Most large technology businesses collect data from their consumers in a variety of methods, and the majority of the time, this data is in its raw form. However, when data is presented in an understandable and accessible style, it may assist and drive business requirements. The task is to process the data and, if required, alter or clean it in order to make sense of it.
Data streaming applications in their most basic form transport data from a source bucket to a destination bucket. More advanced programs that use streams may conduct on-the-fly wizardry, such as changing the structure of the output data or enriching it with additional properties or fields. In this blog, we’ll examine how to use Kafka and Kafka UI to create a simple real-time data streaming application.
Why Apache Kafka?
LinkedIn built Kafka, which is now an open-source project managed by Confluent. It has a number of advantages. Kafka may be installed in a distributed fashion. It has a strong architecture thanks to the master-slave principle. This indicates that it is very fault-tolerant. Kafka can be horizontally scaled up to hundreds of brokers handling millions of messages per second. It is possible to attain a latency of less than 10 ms, which is termed real-time.
You will need the following items to follow along with this tutorial:
- The most recent versions of Node.js and npm installed on your machine.
- The most recent Java version (JVM) installed.
- Kafka already installed on your local PC. In this blog, we will walk through the process of installing Kafka locally on our workstations.
- A fundamental grasp of Node.js application development
However, before we go, let’s go over some fundamental Kafka principles and terminology so that we can simply follow along with this lesson.
1. Topics, Partitions, and Offsets
Kafka’s primary premise is topics. Each topic represents a stream of data and is analogous to a table in a database. There is no limit to the amount of topics that may be discussed. Each topic is labelled with a name and divided into sections. The divisions themselves are composed of ordered groups of messages that have been pushed to their respective topics. Each message in a partition is assigned an incremental id, also known as an offset. This offset is partition-specific. When establishing a new topic, the number of divisions must be given.

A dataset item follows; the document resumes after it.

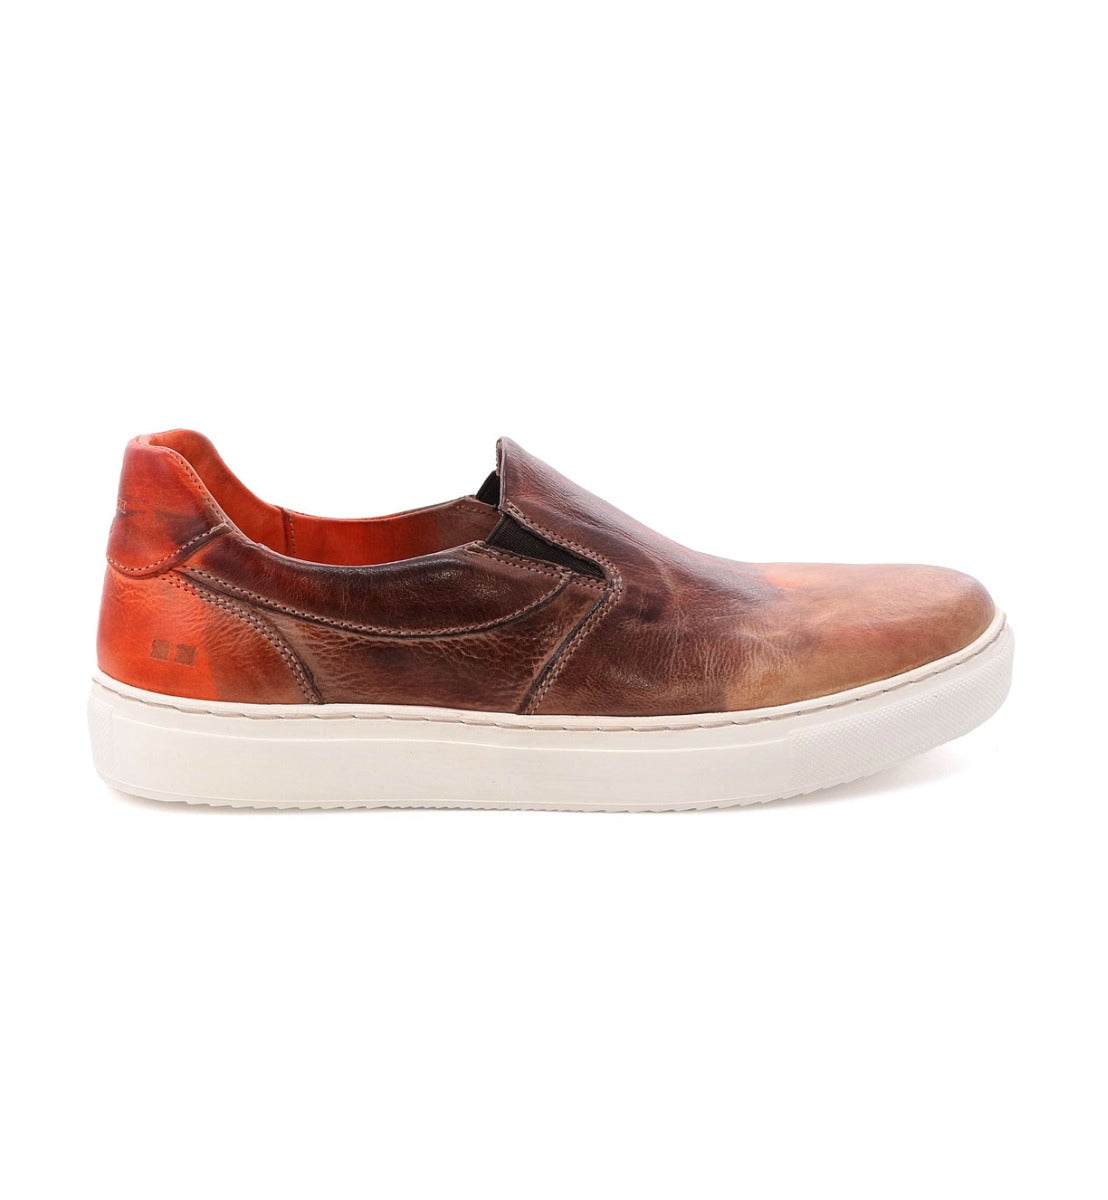 A men's slip on shoe in brown and orange, called Harry by Bed Stu.

Although the sequence of communications within each partition is guaranteed, there is no equivalent assurance across partitions. When a producer (source system) sends a message to a topic, the message is routed to one of the partitions at random, unless a key is supplied. The message will not be modified after it has been written to the partition. The message will be removed from the partition after a certain length of time (one week by default).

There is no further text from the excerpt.